— WORK TO COMPLETE —
Would you print out all of the data exactly and keep the pictures out of it?

— GIVEN INFORMATION —
════════════════════
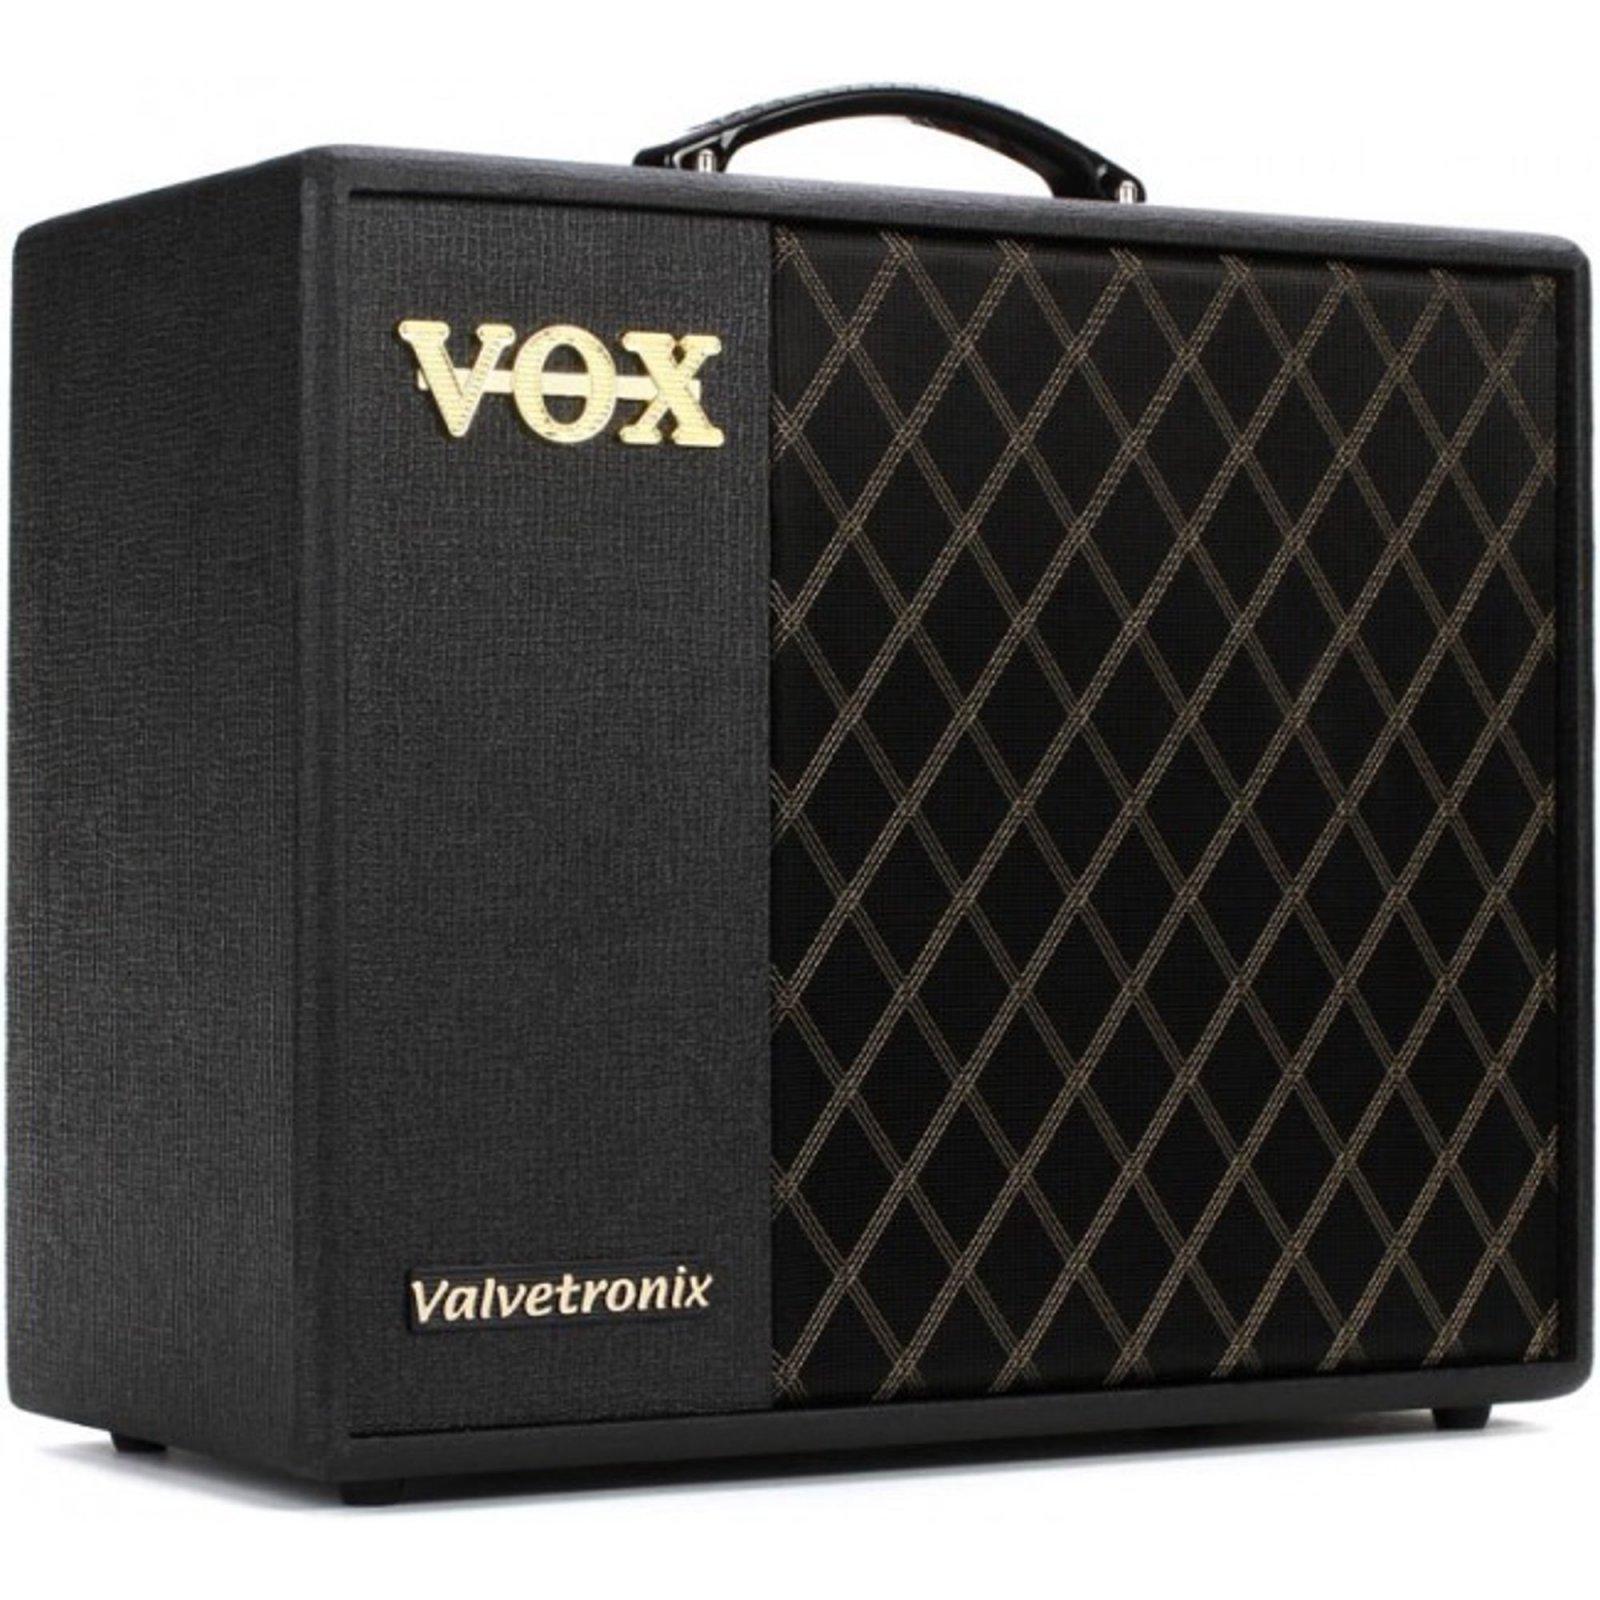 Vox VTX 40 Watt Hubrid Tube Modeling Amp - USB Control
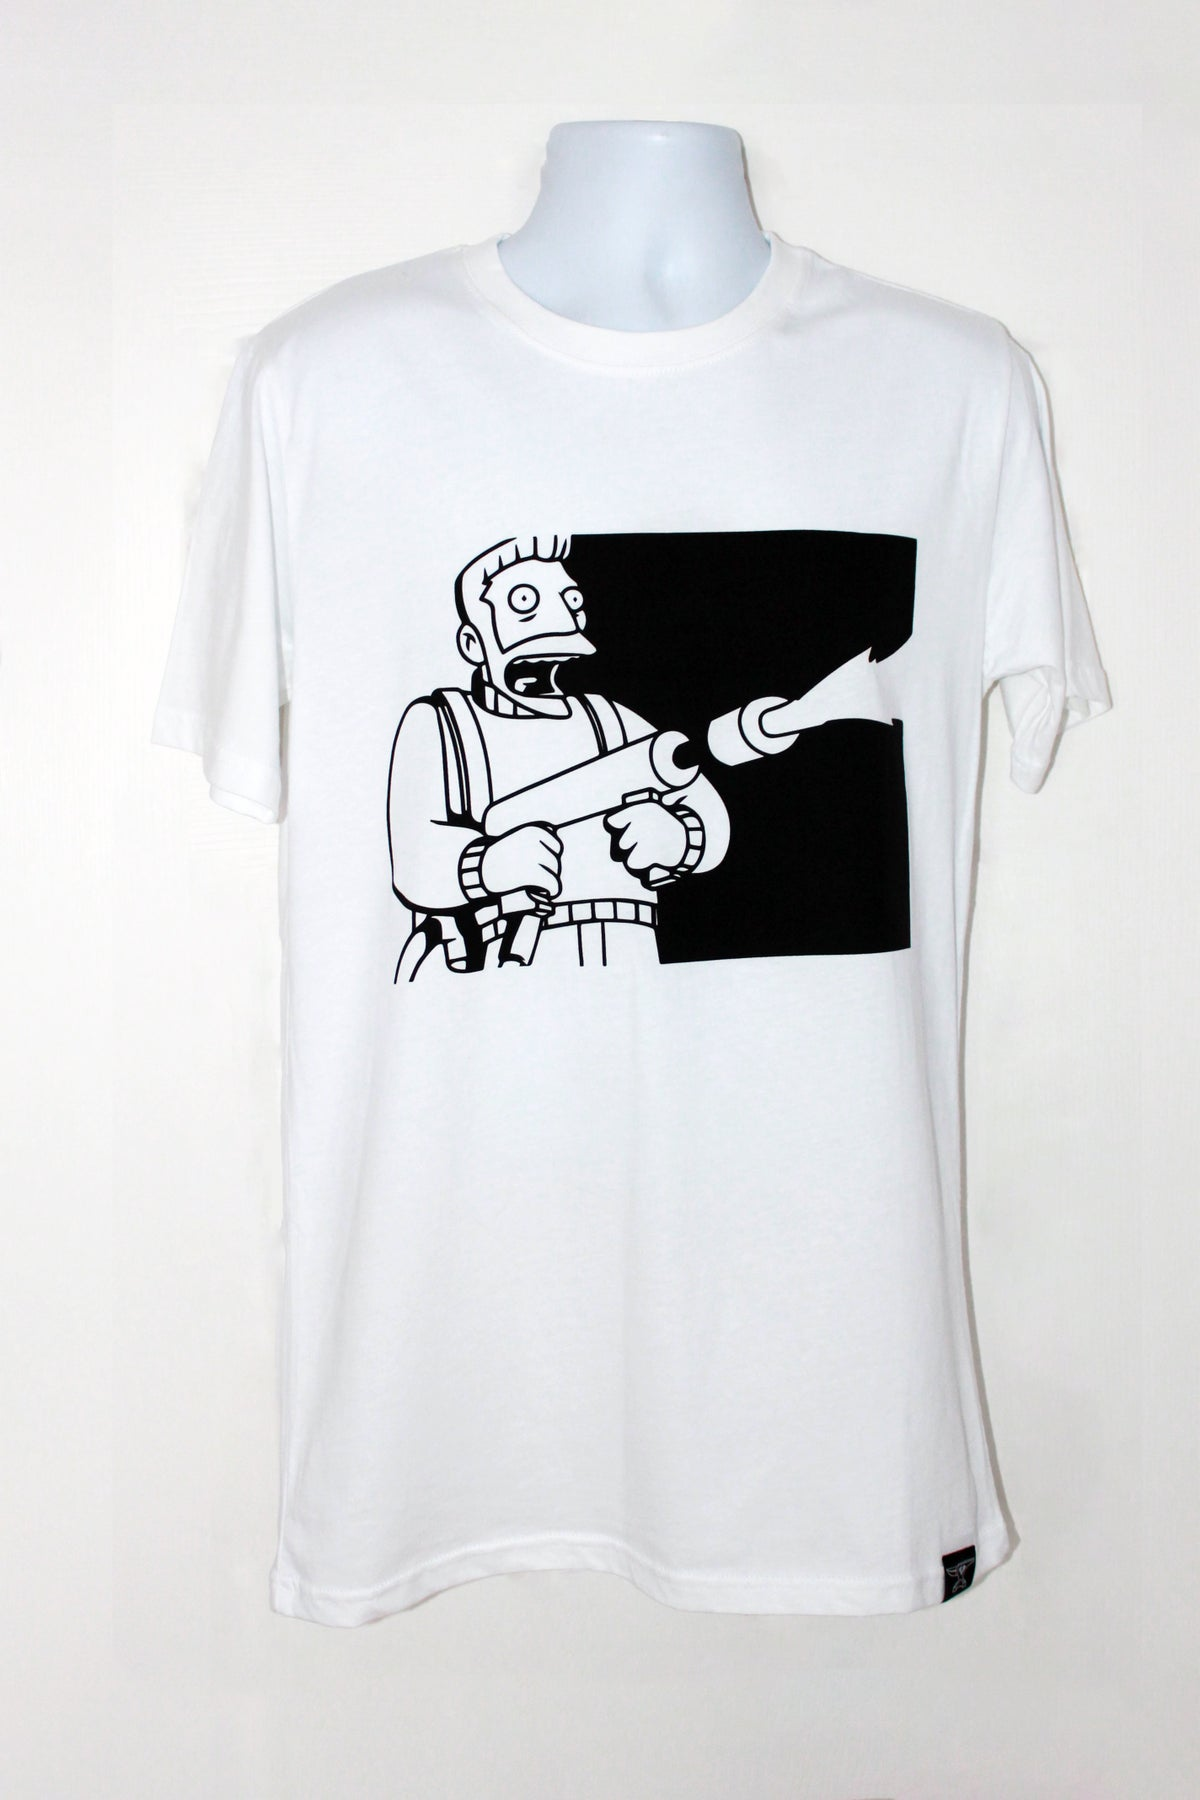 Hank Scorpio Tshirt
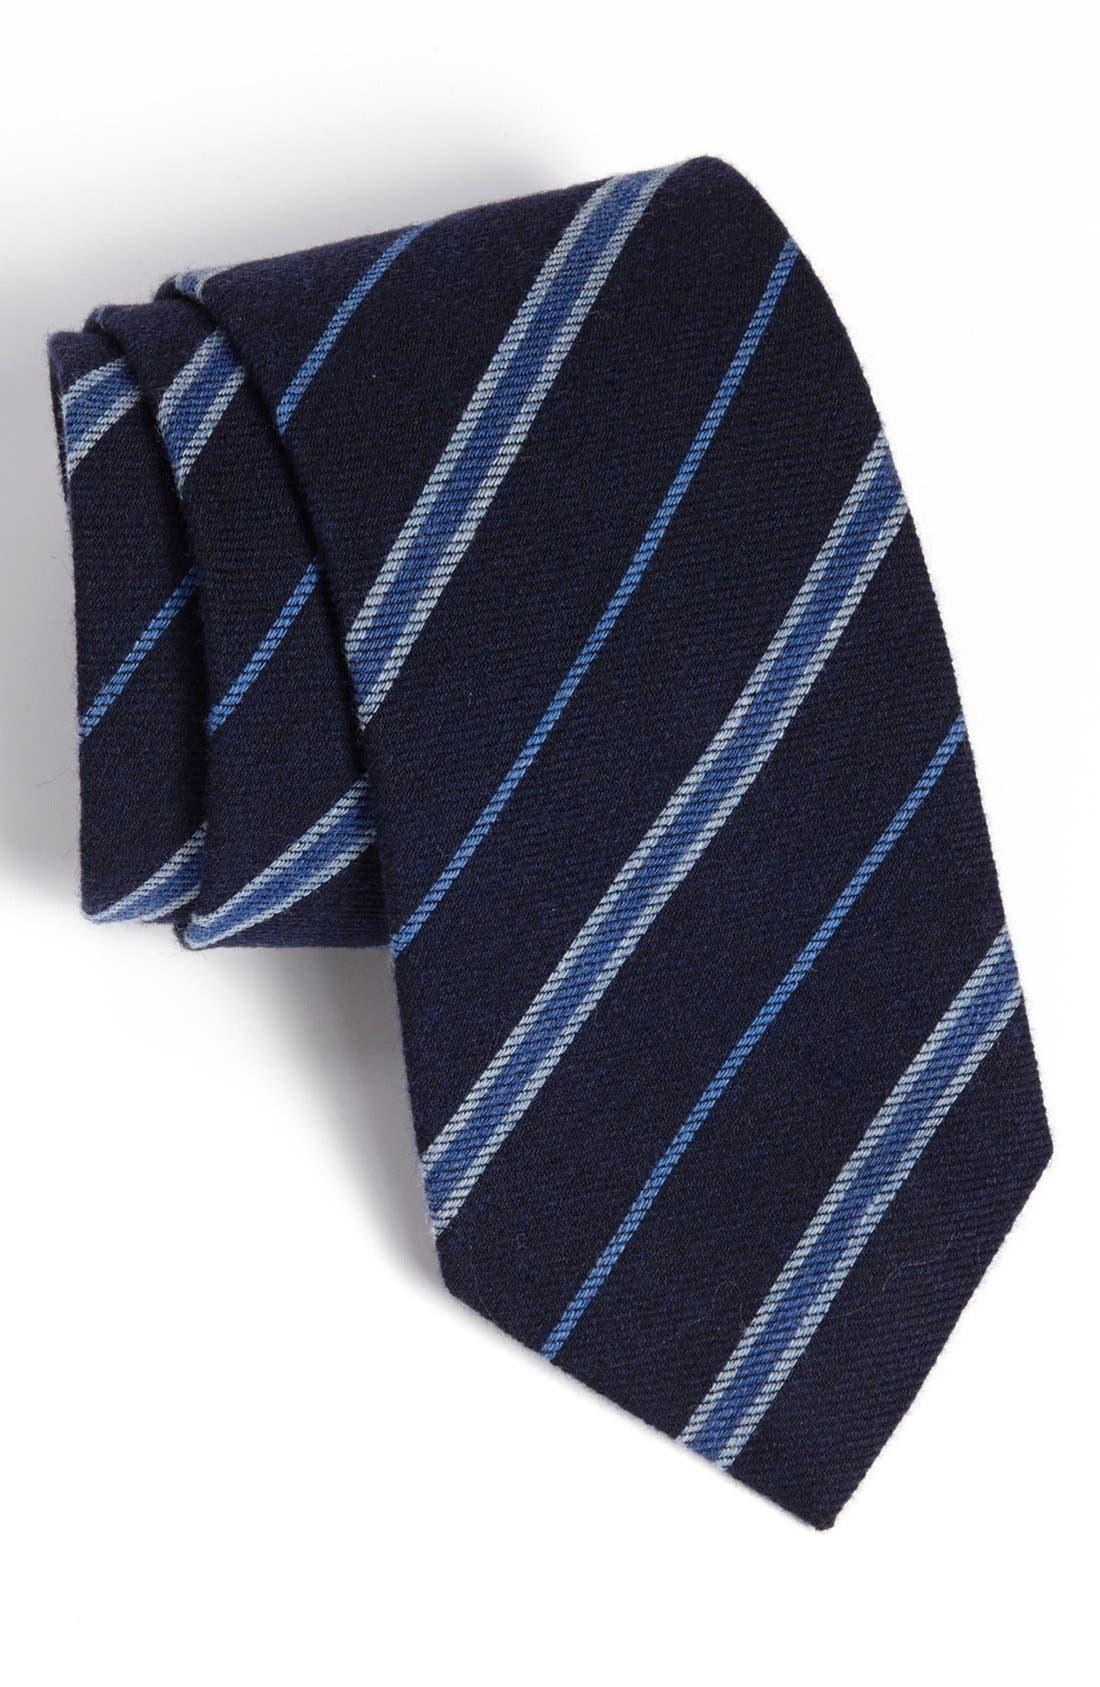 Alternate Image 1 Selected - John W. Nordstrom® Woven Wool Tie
════════════════════
— ANSWER FOR THE TASK —
 Vox VTX 40 Watt Hubrid Tube Modeling Amp - USB Control
 Hank Scorpio Tshirt
 Alternate Image 1 Selected - John W. Nordstrom® Woven Wool Tie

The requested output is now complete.